Blake McShane sent along this paper by himself and David Gal, which begins:

In light of recent concerns about reproducibility and replicability, the ASA issued a Statement on Statistical Significance and p-values aimed at those who are not primarily statisticians. While the ASA Statement notes that statistical significance and p-values are “commonly misused and misinterpreted,” it does not discuss and document broader implications of these errors for the interpretation of evidence. In this article, we review research on how applied researchers who are not primarily statisticians misuse and misinterpret p-values in practice and how this can lead to errors in the interpretation of evidence. We also present new data showing, perhaps surprisingly, that researchers who are primarily statisticians are also prone to misuse and misinterpret p-values thus resulting in similar errors. In particular, we show that statisticians tend to interpret evidence dichotomously based on whether or not a p-value crosses the conventional 0.05 threshold for statistical significance. We discuss implications and offer recommendations.

The article is published in the Journal of the American Statistical Association along with discussions:

A p-Value to Die For, by Don Berry

The Substitute for p-Values, by William Briggs

Some Natural Solutions to the p-Value Communication Problem—and Why They Won’t Work, by Andrew Gelman and John Carlin

Statistical Significance and the Dichotomization of Evidence: The Relevance of the ASA Statement on Statistical Significance and p-Values for Statisticians, by Eric Laber and Kerby Shedden

and a rejoinder by McShane and Gal.

Good stuff. Read the whole thing.

For some earlier blog discussions of the McShane and Gal paper and related work, see here (More evidence that even top researchers routinely misinterpret p-values), here (Some natural solutions to the p-value communication problem—and why they won’t work), here (When considering proposals for redefining or abandoning statistical significance, remember that their effects on science will only be indirect!), and here (Abandon statistical significance).

23 thoughts on “Statistical Significance and the Dichotomization of Evidence (McShane and Gal’s paper, with discussions by Berry, Briggs, Gelman and Carlin, and Laber and Shedden)

  1. If I choose my test statistic so that it properly reflects what I’m interested in, and some kind of stupid “no effect” null model, a large p-value will still tell me that my data are well compatible with “no effect” and therefore I should not interpret them as any kind of evidence for an effect.
    Obviously this doesn’t mean I have to “believe” or “accept” the stupid null model, neither will I “believe” any specific alternative if the p-value is small. Statistical models are not there to be “believed” or “true”, they’ll shed some light on the data, not more.
    So p-values still tell me something and I’m still gonna use them, despite all the Bayesian propaganda (like in Briggs’ discussion), and despite it being clearly true that many if not most people get them wrong. (That shouldn’t be the problem of those who don’t.)
    Have fun shredding this to tears!

    • If I choose my test statistic so that it properly reflects what I’m interested in, and some kind of stupid “no effect” null model, a large p-value will still tell me that my data are well compatible with “no effect” and therefore I should not interpret them as any kind of evidence for an effect.

      This is wrong:

      A: ‘my data are well compatible with “no effect”’

      Therefore:

      C: ‘I should not interpret them as any kind of evidence for an effect’

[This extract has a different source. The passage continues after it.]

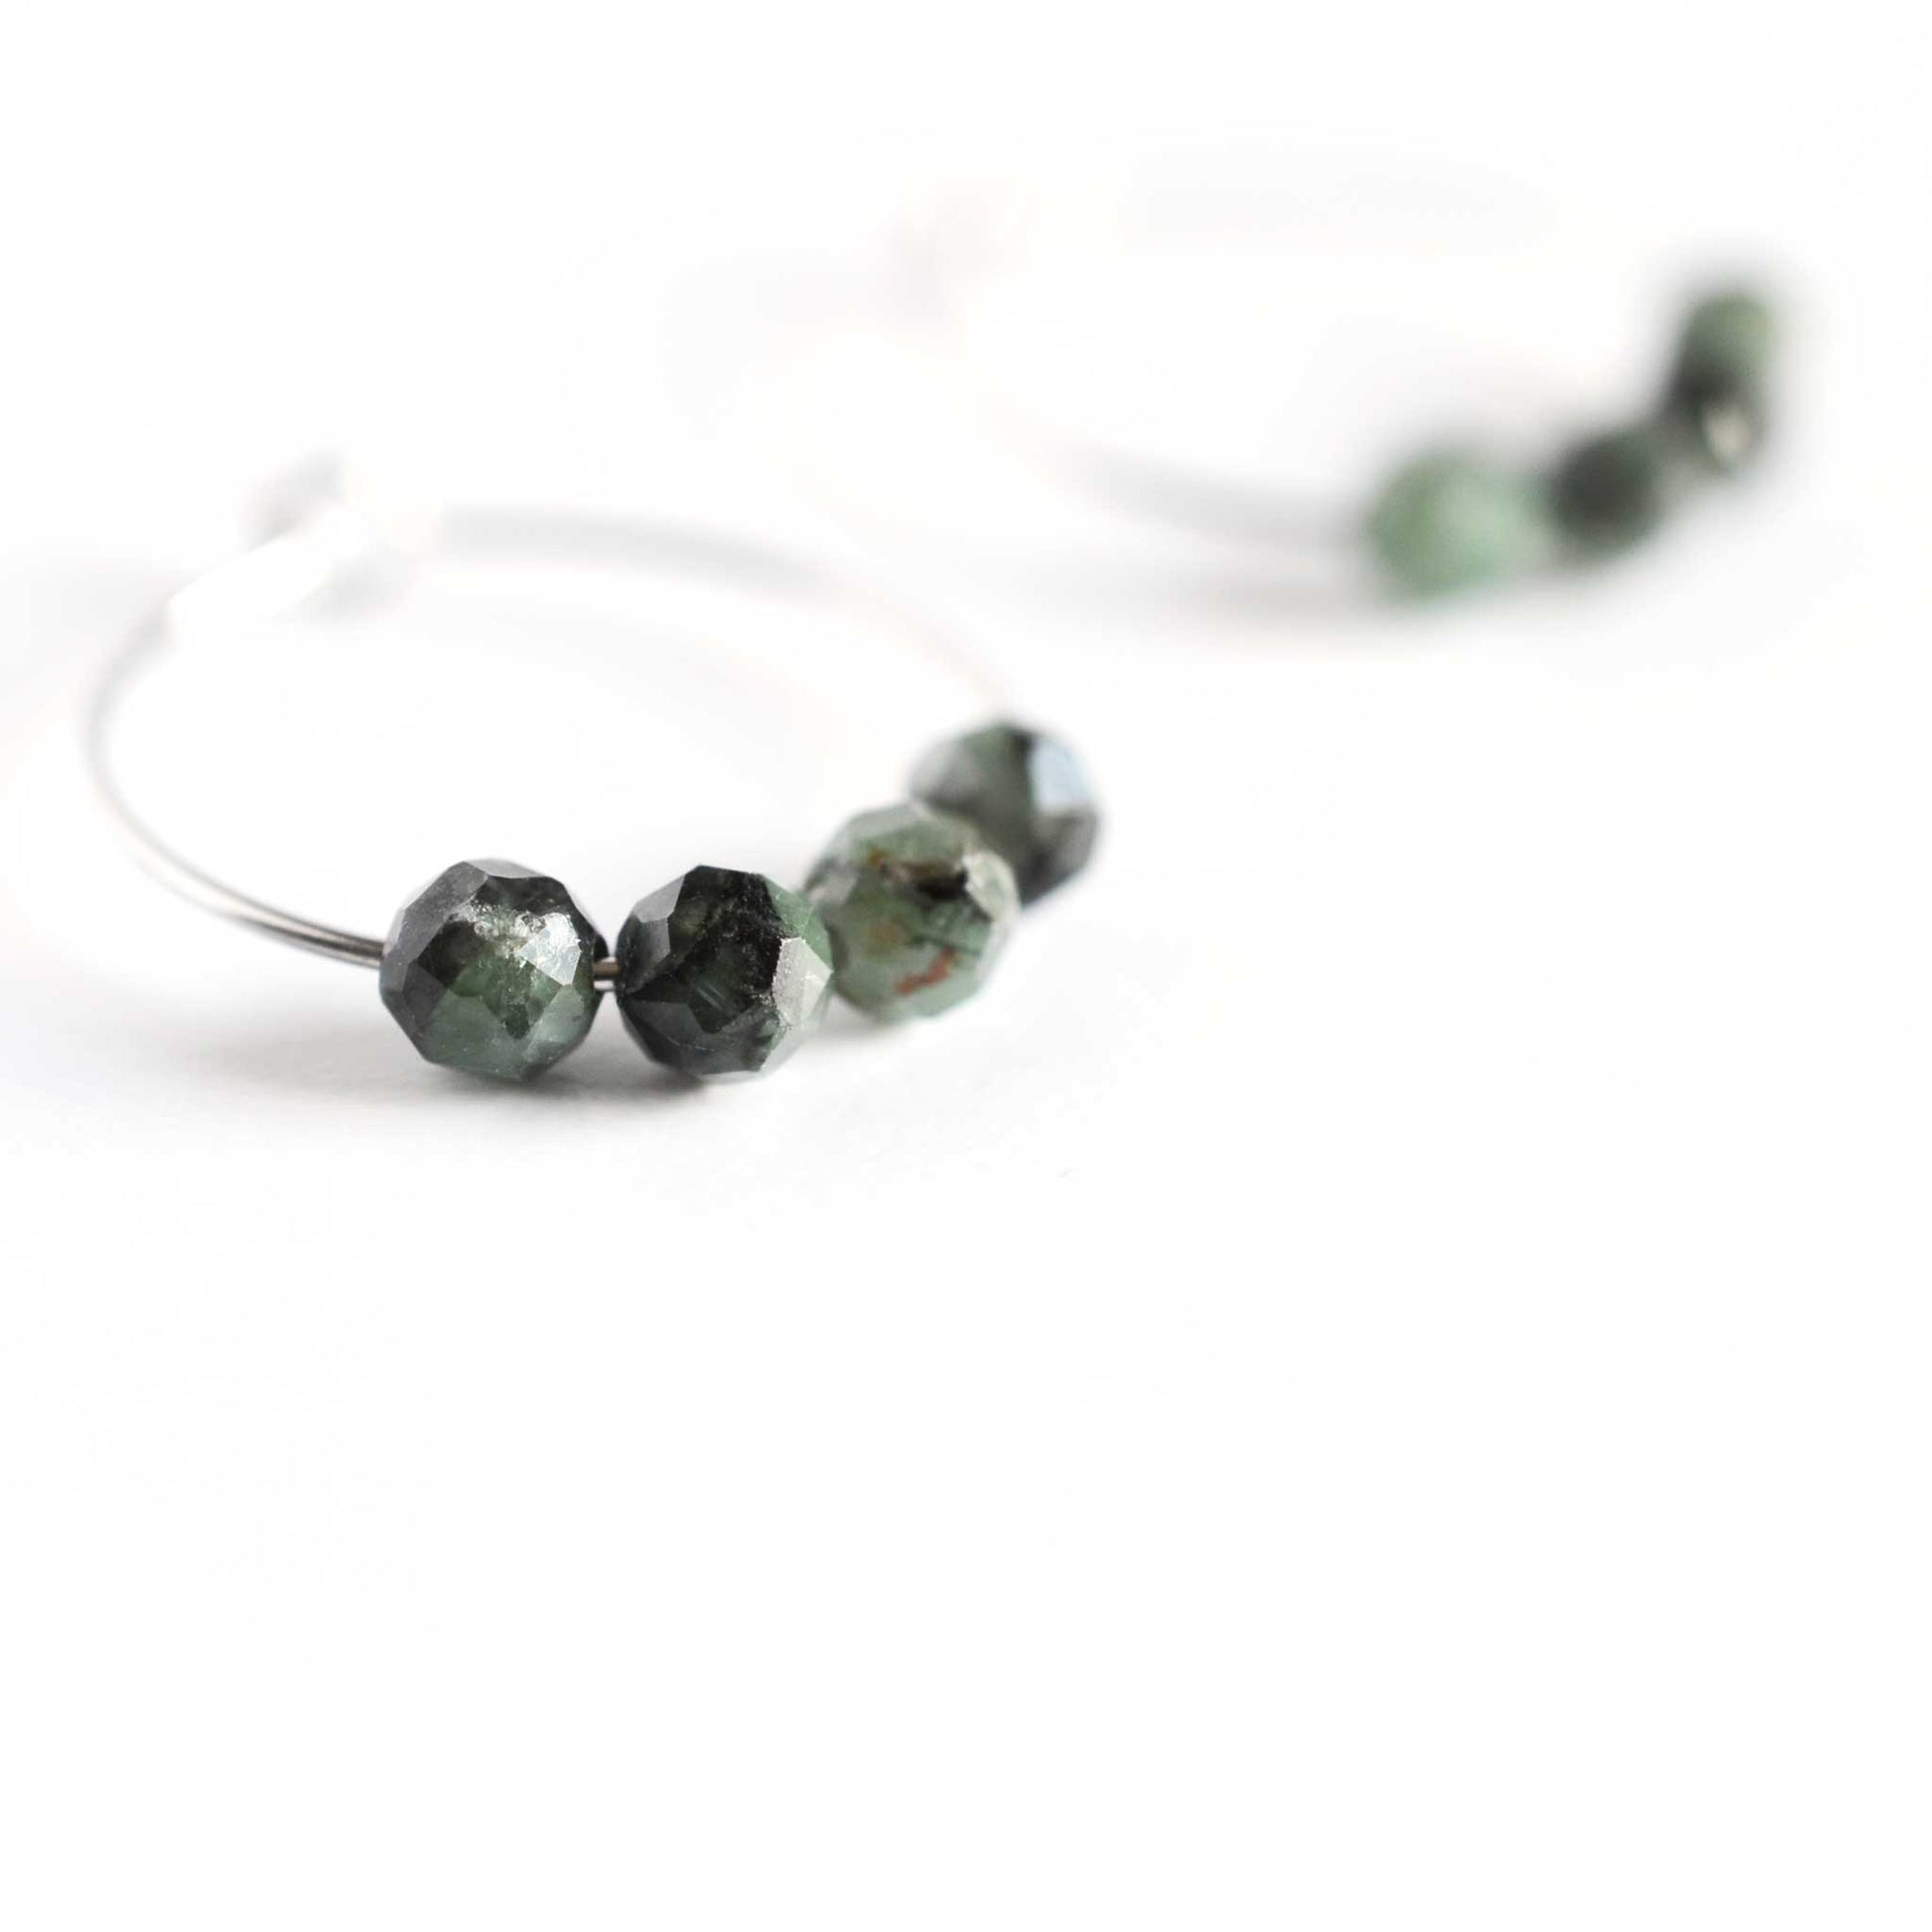 Close up of Emerald hoop earrings with four small round faceted dark green natural Emerald beads

      The large p-value is also compatible with a small effect. Or even a large effect with noisy measurements or small sample size. Why is it that arguments for NHST always contain blatant logical fallacies? It is almost as if learning NHST warps the mind.

      Also, you shouldn’t be looking for “effects” to begin with. It is a waste of time, there is an effect (ignoring some rare cases in physics where exactly zero correlation is predicted, but then that is no longer NHST since the null is predicted by theory).

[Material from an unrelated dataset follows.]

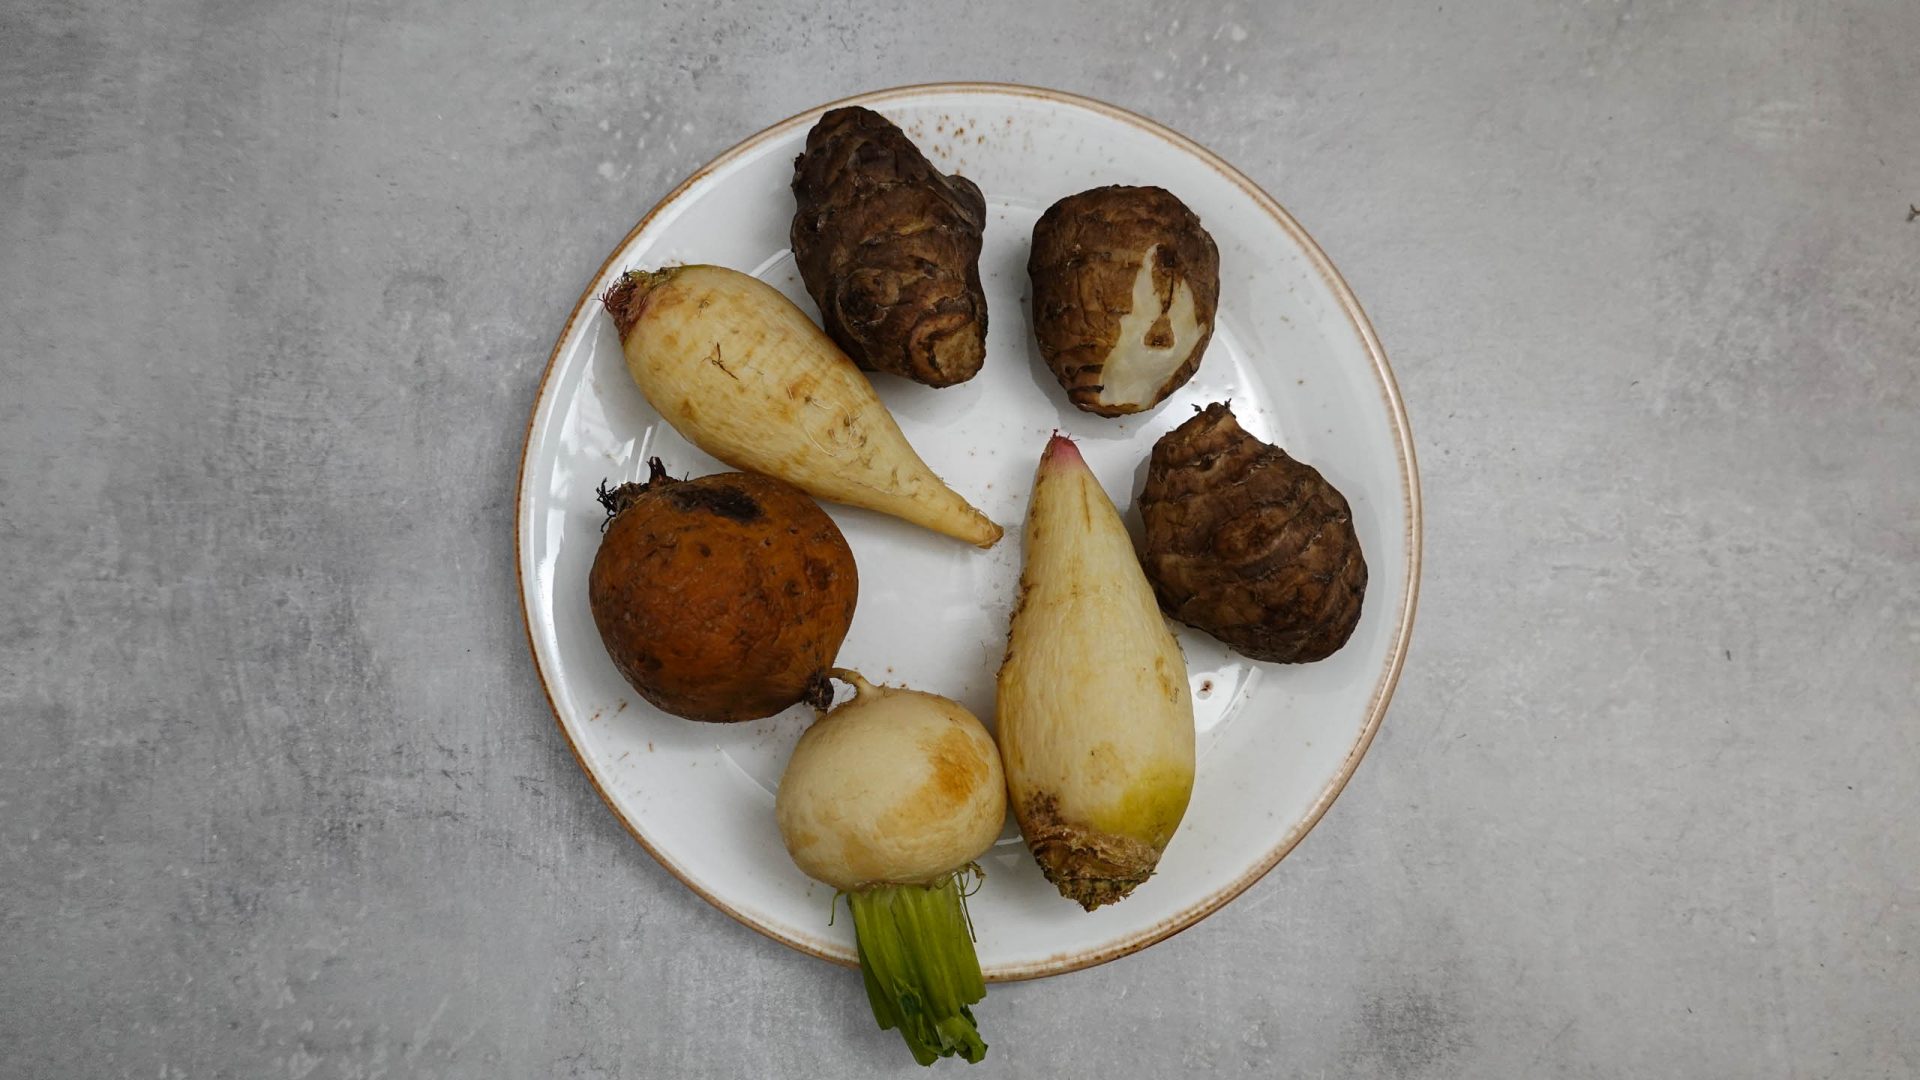 Vegetable Food Lab - Our selection of root vegetables

      • “The large p-value is also compatible with a small effect. Or even a large effect with noisy measurements or small sample size.” This doesn’t contradict what I wrote at all.

        • Posting again…

          Your conclusion doesn’t follow from the premise (there was a P->A typo):

          P: ‘my data are well compatible with “no effect”’

          Therefore:

          C0: ‘I should not interpret them as any kind of evidence for an effect’
          C1: ‘I should interpret them as evidence for a small effect’
          C2: ‘I should interpret them as evidence for a large effect hidden by noisy measurements’
          C3: ‘I should interpret them as evidence for a large effect with small sample size’
          C4: ‘I should interpret them as evidence I need to do a subgroup analysis to find the effect’

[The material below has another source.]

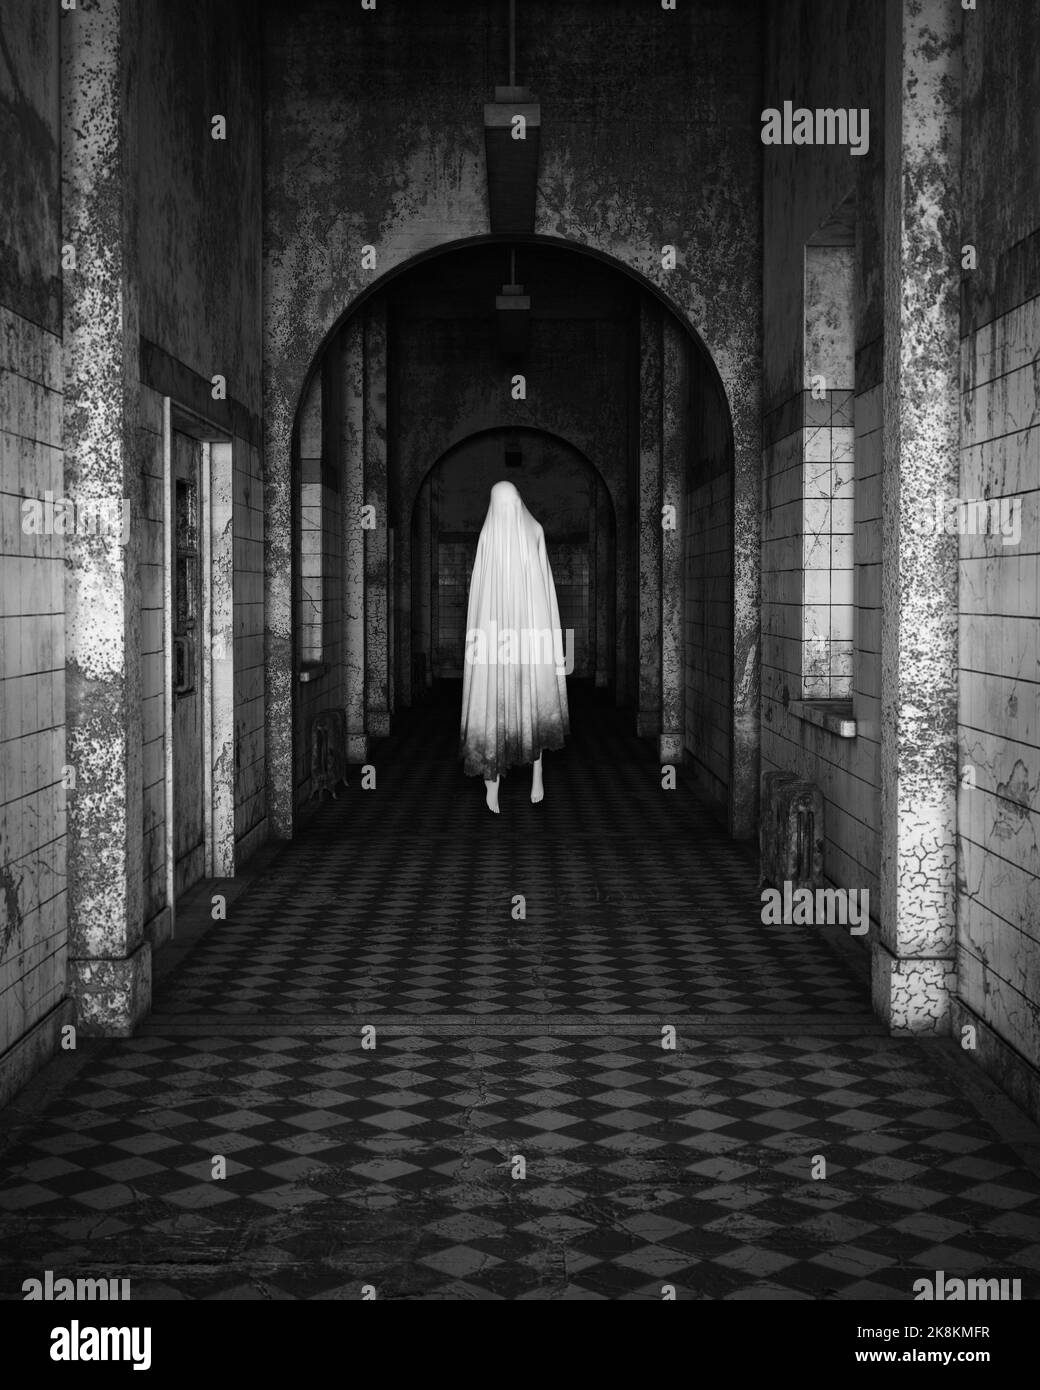 Floating Ghost in a Asylum Halloween Dark Black and White Film Grain Analogue Aesthetic Gothic Building with Ghost Hunters Camera Flash 3d Stock Photo

          There is no reason to prefer C0 over anything else. You could say something like:

          C5: ‘I should not interpret them as any kind of evidence for an effect that was measured carefully with large enough sample size’

          However, there are few situations wherein the scenario described in C5 is found along with a high p-value. Pretty much the only time you come across that situation the null hypothesis is predicted by theory. Since “everything is correlated with everything else”, it just isn’t really applicable to any real world situation.

        • “There is no reason to prefer C0 over anything else.” Yes there is. C0 is about avoidance of overinterpretation, the others are (mostly) about committing overinterpretation.

  2. Below is a summary of a study from an academic paper.
    The study aimed to test how two different drugs impact whether
    a patient recovers from a certain disease. Subjects were randomly
    drawn from a fixed population and then randomly assigned to Drug
    A or Drug B. Fifty-two percent (52%) of subjects who took Drug A
    recovered from the disease while forty-four percent (44%) of subjects
    who took Drug B recovered from the disease.

    A test of the null hypothesis that there is no difference between Drug
    A and Drug B in terms of probability of recovery from the disease
    yields a p-value of 0.025.

    […]

    Assuming no prior studies have been conducted with these drugs, if
    you were a patient from the same population as the subjects in the
    study, what drug would you prefer to take to maximize your chance
    of recovery?
    A. I prefer Drug A.
    B. I prefer Drug B.
    C. I am indifferent between Drug A and Drug B.

    http://statmodeling.stat.columbia.edu/wp-content/uploads/2017/11/jasa_combined.pdf

    They choose A as the correct answer but in reality the answer is C or perhaps the missing D “not enough info”. Drug A and drug B have different side effects, different prices, etc. Shouldn’t that influence your decisions?

    Also if this is one study, who knows what the long term effects are? It could be worse than the disease. Would the patients have recovered from the disease in a few days anyway by taking no drug? The idea that a meaningful decision could even be made here is wrong.

    Anyway, their data still clearly shows the statisticians are focusing on the p-value and dichotomizing (my spell check suggests lobotomizing for that one).

    • > They choose A as the correct answer but in reality the answer is C

      Why do you think so? Is there any set of numbers (instead of 52%, 44%, 0.025) that would make you change your mind?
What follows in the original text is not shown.